Composable building blocks for LLM context engineering.

PyPI version Python versions License: MIT Tests


The Problem

Every team building production GenAI applications ends up building the same context management infrastructure from scratch:

  • How do you assemble multiple layers of context (system prompts, user context, conversation history, retrieved documents, tool results) into a single coherent payload?
  • How do you manage token budgets so the context fits within model limits?
  • How do you handle conversation history (sliding window, summarization, selective inclusion)?
  • How do you debug what actually went into the context window when something goes wrong?

There's no focused, well-designed library that owns this layer cleanly. LangChain gives you orchestration, vector databases give you retrieval, but nobody owns the "context assembly and management" layer.

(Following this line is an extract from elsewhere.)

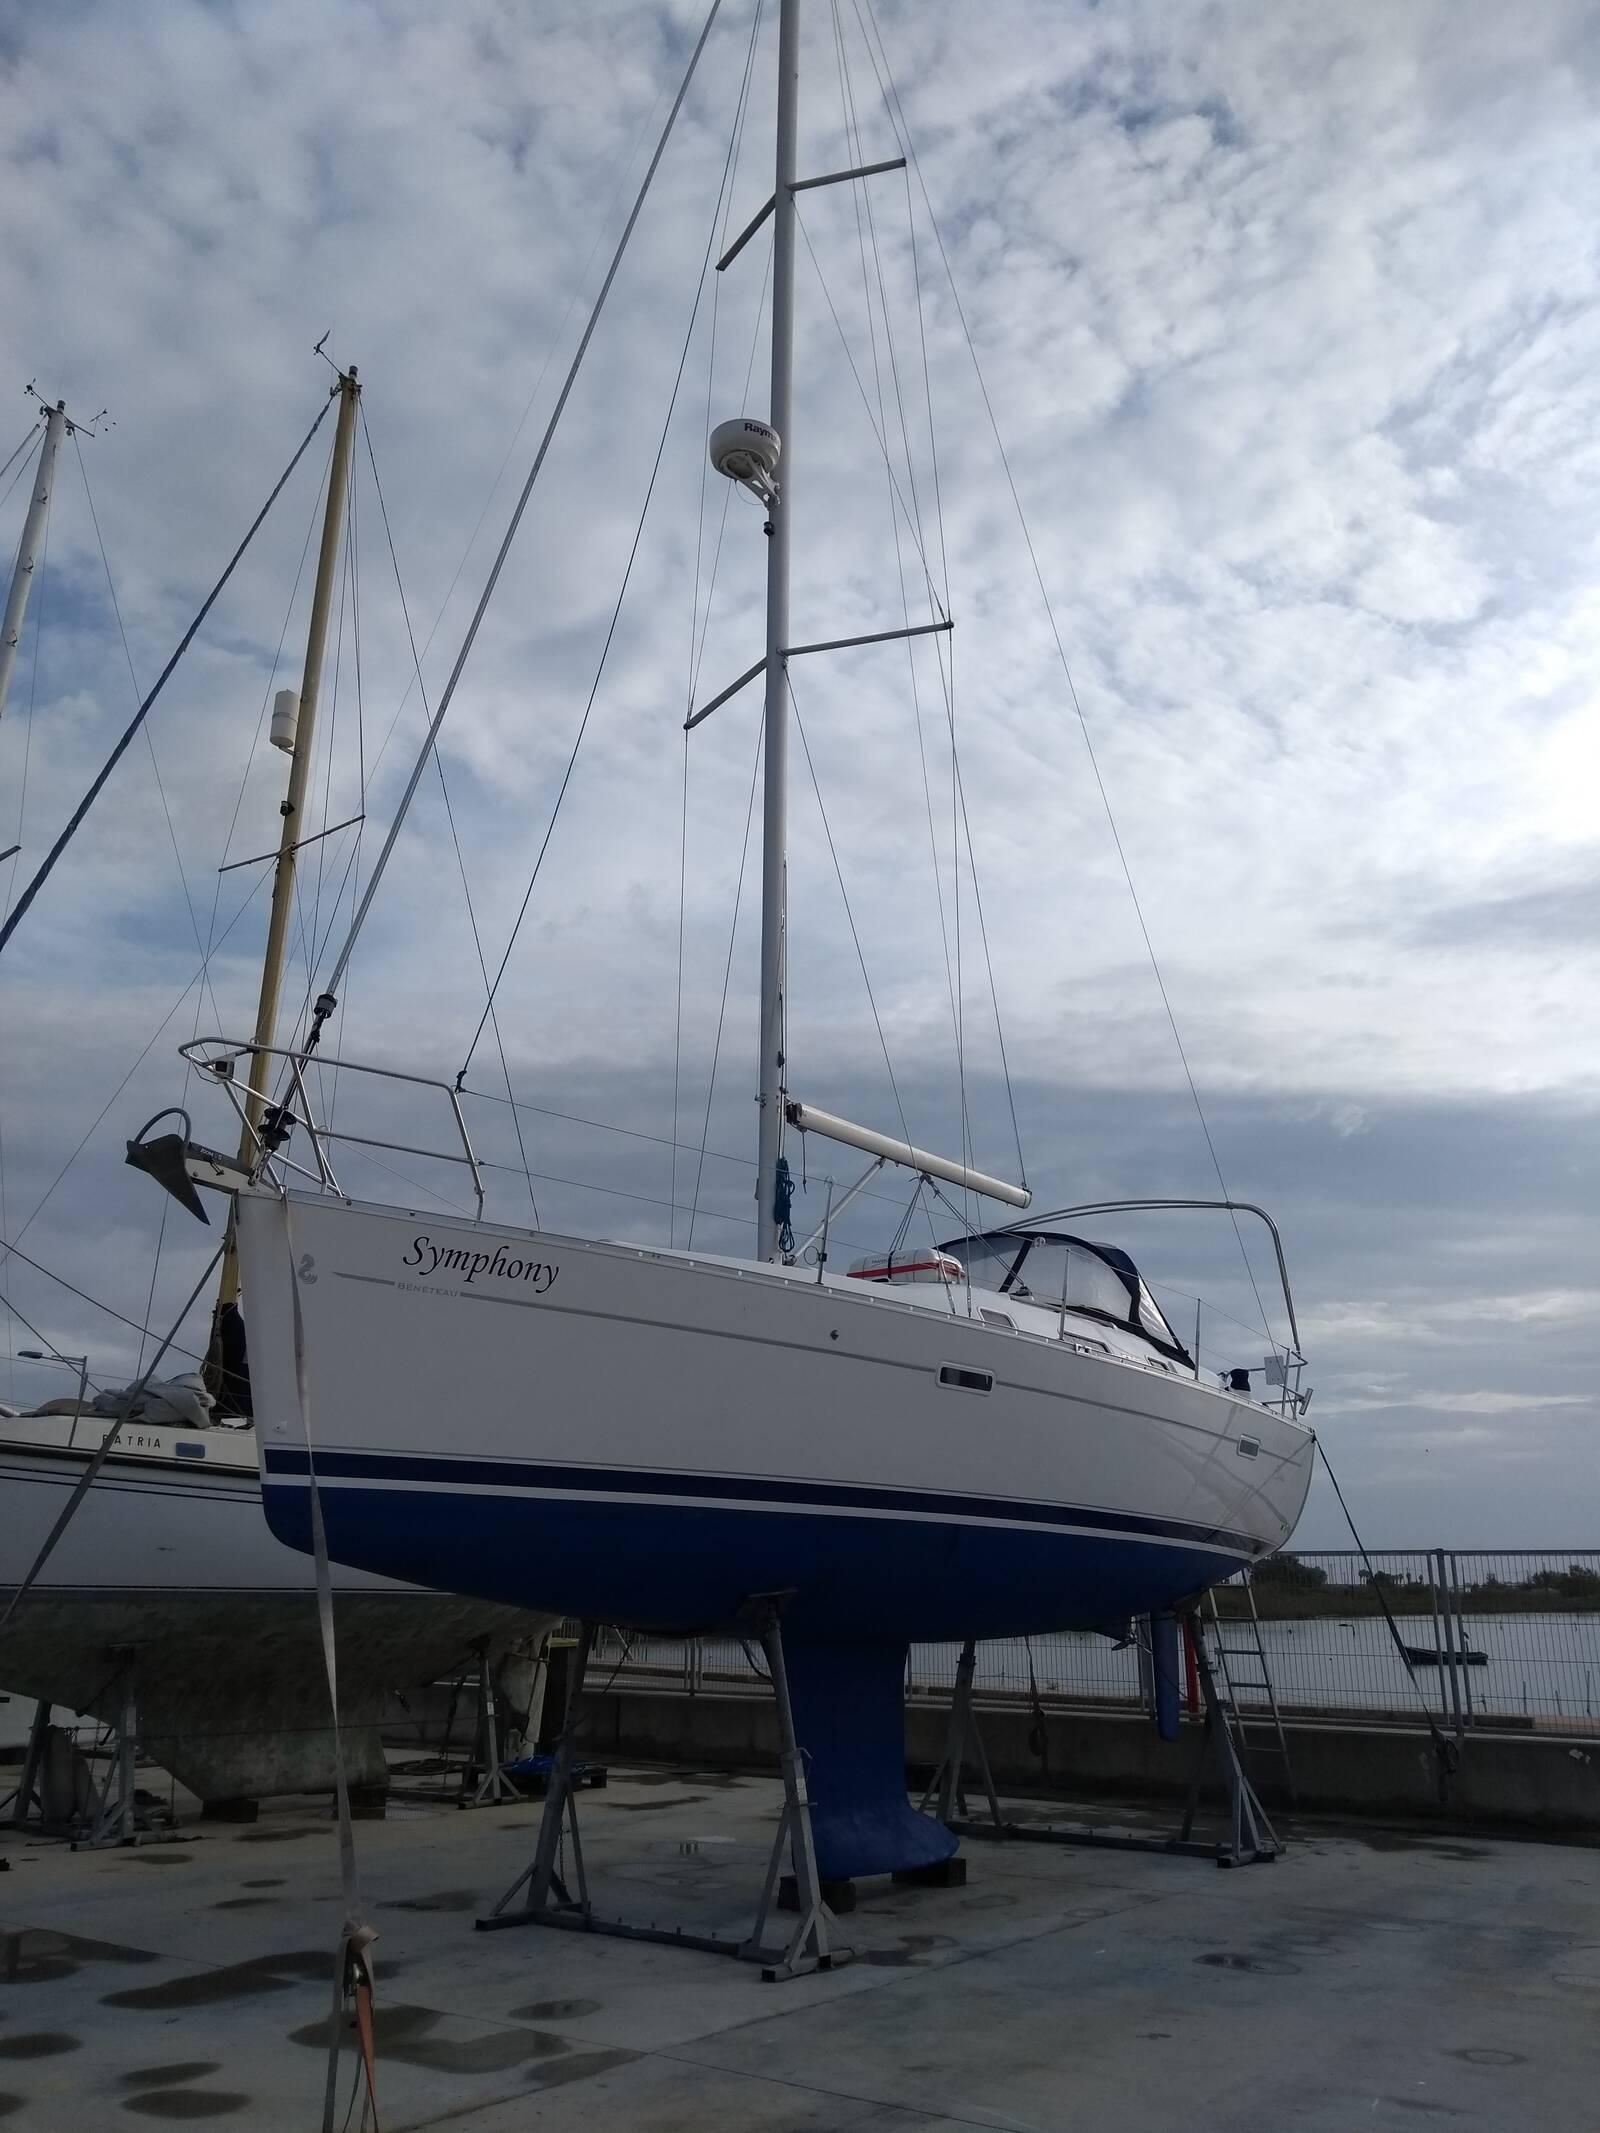 Beneteau Oceanis 343 Clipper in the yard

LLM ContextKit fills that gap.


Quick Start

pip install llm-contextkit
from llm_contextkit import ContextAssembler, TokenBudget
from llm_contextkit.layers import SystemLayer, HistoryLayer

# Create a token budget
budget = TokenBudget(total=4096, reserve_for_output=1000)
budget.allocate("system", 500, priority=10)
budget.allocate("history", 2500, priority=5)

# Assemble context
assembler = ContextAssembler(budget=budget)
assembler.add_layer(
    SystemLayer(instructions="You are a helpful assistant.")
)
assembler.add_layer(
    HistoryLayer(messages=conversation_history, strategy="sliding_window")
)

# Build for your LLM provider
messages = assembler.build_for_openai()
# Or: payload = assembler.build_for_anthropic()

# Debug what was built
print(assembler.inspect_pretty())

Key Features

  • Token Budget Management — Allocate tokens across layers, automatic truncation by priority
  • Composable Context Layers — System prompts, user context, history, RAG chunks, tool results
  • Multiple History Strategies — Sliding window, summarization, selective inclusion
  • Context Inspection & Debugging — See exactly what went into your context and why
  • OpenAI + Anthropic Output Formats — Build once, deploy to any provider
  • Zero Required Dependencies — Works with just Python stdlib; tiktoken optional for accurate counting

Examples

Basic Chatbot

from llm_contextkit import ContextAssembler, TokenBudget
from llm_contextkit.layers import SystemLayer, HistoryLayer

budget = TokenBudget(total=4096, reserve_for_output=1000)
budget.allocate("system", 500, priority=10)
budget.allocate("history", 2500, priority=5)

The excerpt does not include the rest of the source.